Rosilene da Costa — Doutora em literatura, professora e liderança do Movimento Autônomo de Mães (Mama)
No fim de janeiro, o presidente Lula reuniu seus 39 ministros e ministras. A foto oficial do momento circulou na mídia, apresentando a mudança significativa da composição do alto escalão do governo. O grupo ministerial é composto por um número histórico de mulheres, e especialmente de mulheres negras. Isso não é fruto do acaso, mas, sim, da mobilização contínua de movimentos negros e feministas, que reivindicam representatividade e participação nos espaços de poder.
Ter cinco ministras de Estado negras no governo não apenas rompe barreiras, como reafirma a necessidade de também assumirmos outras pastas, pois ainda não há equilíbrio nos espaços de poder. Continuamos sub-representadas em áreas como economia, governança, inovação e planejamento — fundamentais para as transformações estruturais do país.
Vivenciei a transformação da universidade com as cotas raciais e vi que as políticas afirmativas foram decisivas para ampliar a entrada de negros e negras no ensino superior e em diversas áreas profissionais. Em 2001, quando ingressei na universidade, a presença de estudantes negros era reduzida e limitada a poucos cursos. O cenário mudou expressivamente após a Lei de Cotas (2012). Já no doutorado, testemunhei a ampliação da diversidade racial nos campi.
O Censo da Educação Superior mostra que, desde 2012, triplicou o número de estudantes negros/as nas universidades, refletindo o sucesso das políticas afirmativas. Esse aumento diversificou salas de aula e impactou a produção acadêmica, promovendo perspectivas e debates plurais, fortalecendo a consciência política sobre raça e gênero. Além disso, a presença de mulheres negras na pós-graduação cresceu, desafiando a exclusão desse grupo da elite intelectual e científica do país.

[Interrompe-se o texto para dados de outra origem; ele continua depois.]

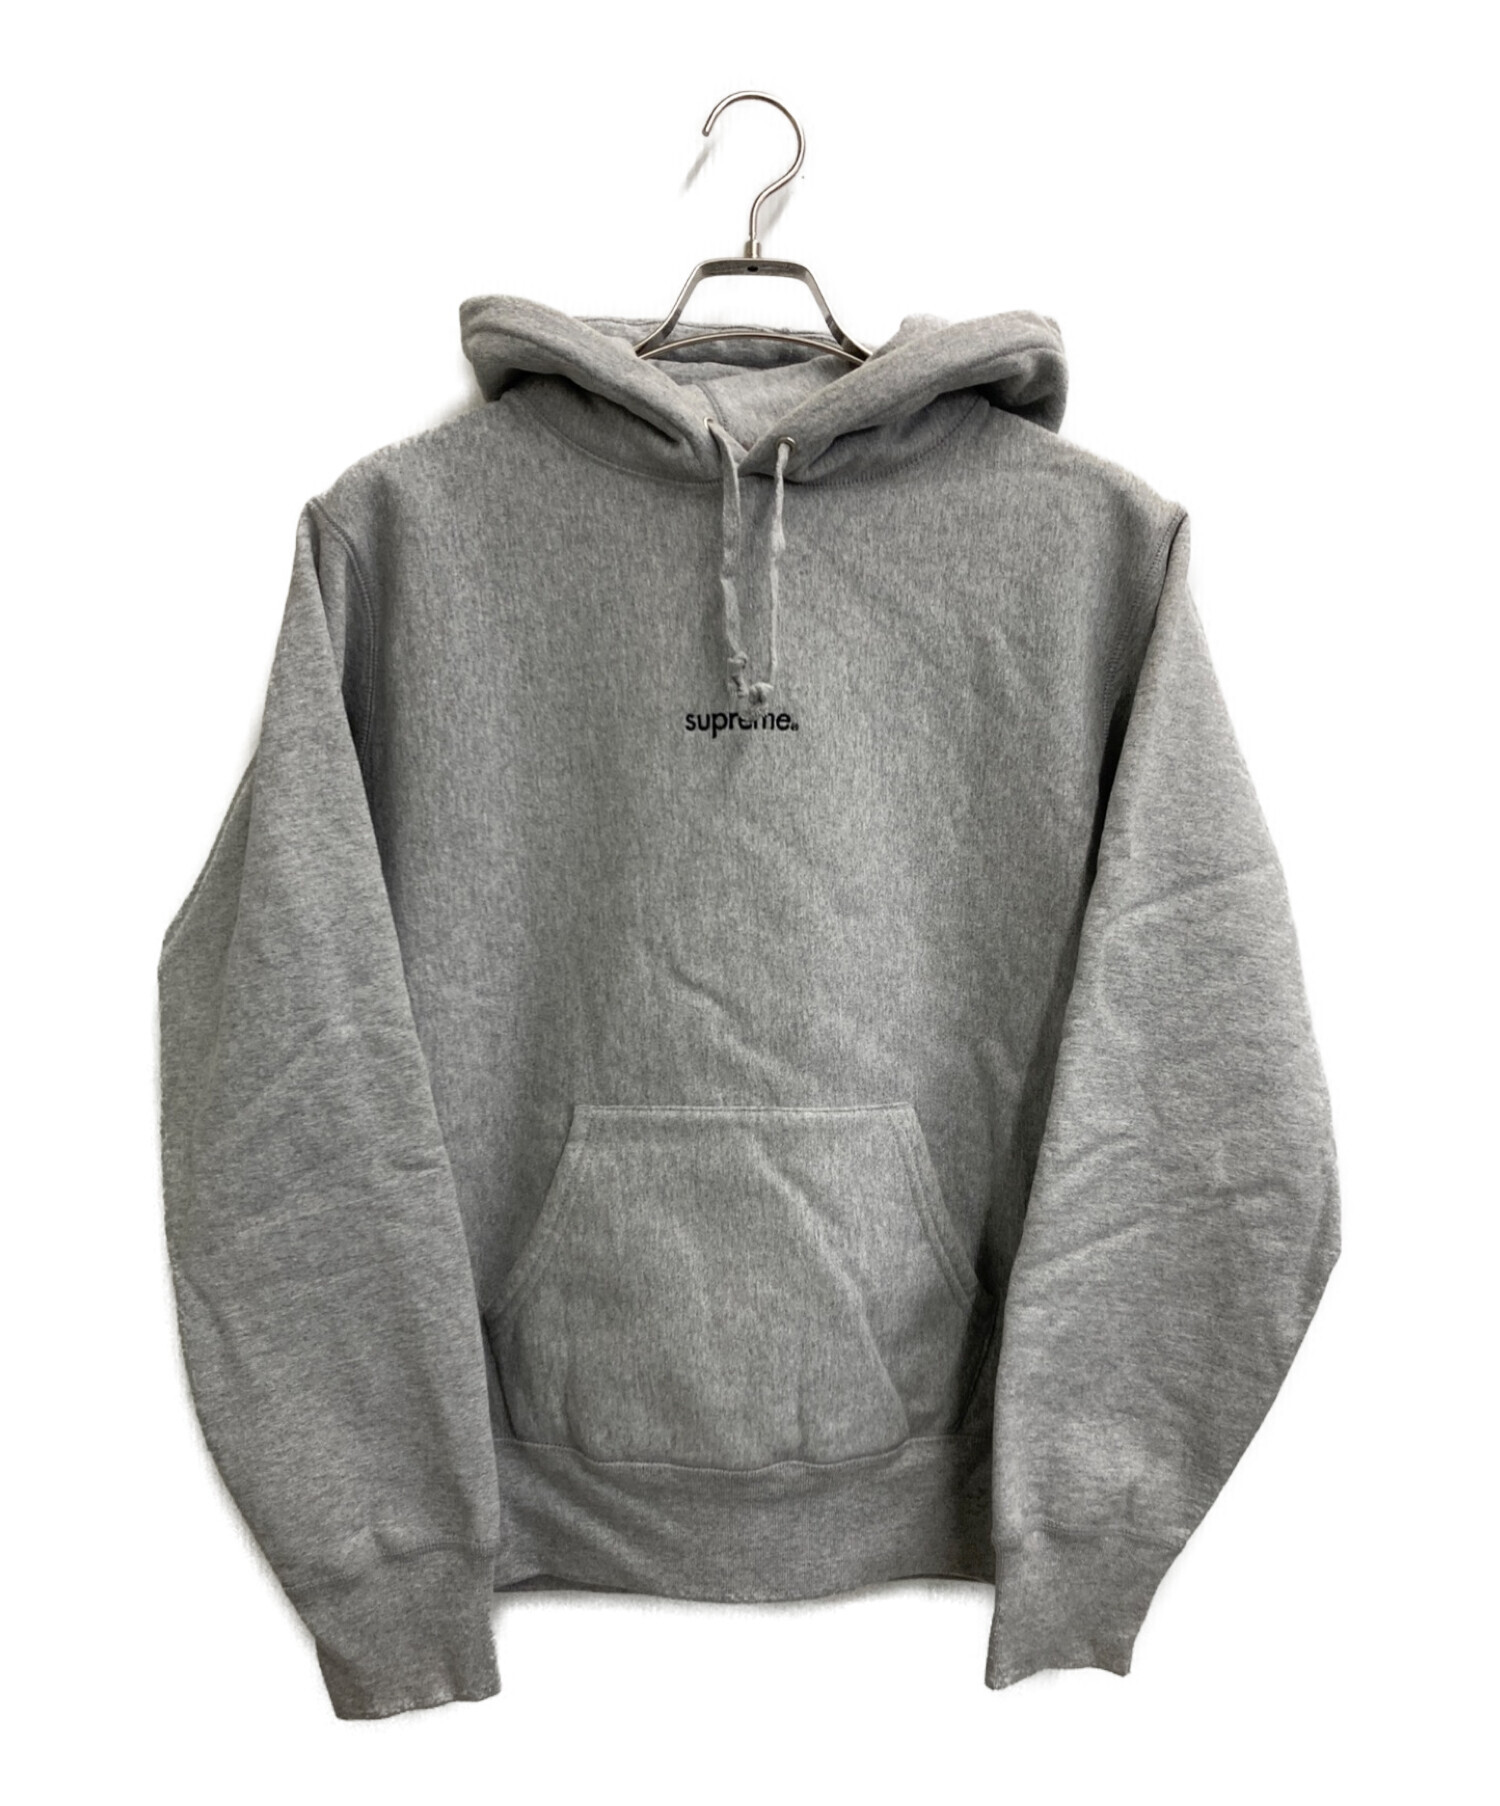 supreme Trademark Hooded Sweatshirt グレー

Contudo, o ingresso na universidade não é suficiente para garantir a ocupação de espaços estratégicos no mercado de trabalho e na política. A transição para cargos de liderança ainda é marcada por racismo, desigualdade e falta de rede de apoio. Mesmo no serviço público, em que a reserva de vagas para negros foi ampliada em concursos federais, a ascensão a cargos de gestão e formulação de políticas ainda é um desafio. Segundo o Ipea, menos de 5% dos cargos de direção em órgãos federais são ocupados por mulheres negras. É importante ocupar cargos ministeriais em pastas que dialogam diretamente com movimentos sociais, que fazem a gestão de pautas que nos afetam diariamente, mas isso não basta. O poder econômico é central para a mudança estrutural, e a ausência de mulheres negras em setores estratégicos, como economia e planejamento, limita a construção de políticas mais inclusivas.
Para que mulheres negras tenham um papel efetivo na formulação das políticas de equidade, é fundamental que elas ocupem cargos de liderança em bancos públicos, ministérios estratégicos e agências reguladoras. Além disso, é necessário que a agenda político-econômica fortaleça o empreendedorismo negro e os programas de incentivo à participação de mulheres negras em setores historicamente dominados por homens brancos, como tecnologia, economia e inovação.
As mulheres negras compõem a base da pirâmide social e são a sustentação da nossa economia, tanto no mercado formal quanto no trabalho invisibilizado do cuidado. No entanto, sua presença nos espaços de formulação de políticas econômicas ainda é mínima. Um Brasil mais justo só será possível quando as decisões que afetam toda a população forem tomadas por um corpo político que represente sua diversidade. Assim, a foto da reunião do presidente e sua equipe é, sem dúvida, um retrato do avanço conquistado. Mas ainda não garante mudanças estruturais. Precisamos de ações que assegurem que essas ministras e outras mulheres tenham real influência em decisões estratégicas.
O Dia Internacional da Mulher de 2025 tem o lema: "Para todas as mulheres e meninas: Direitos. Igualdade. Empoderamento." Para que isso se concretize, é preciso incluir propositalmente as mulheres negras nos debates sobre economia, finanças, planejamento e governança. É preciso garantir acesso à educação, investir na formação de lideranças negras e estruturar políticas antirracistas nos espaços de decisão. A luta não é apenas por mais mulheres negras na política, mas, sim, pelo reconhecimento de nosso protagonismo e pela nossa liderança no desenho e na implementação de políticas públicas de impacto. O futuro do Brasil depende dessa mudança, e ela precisa acontecer agora.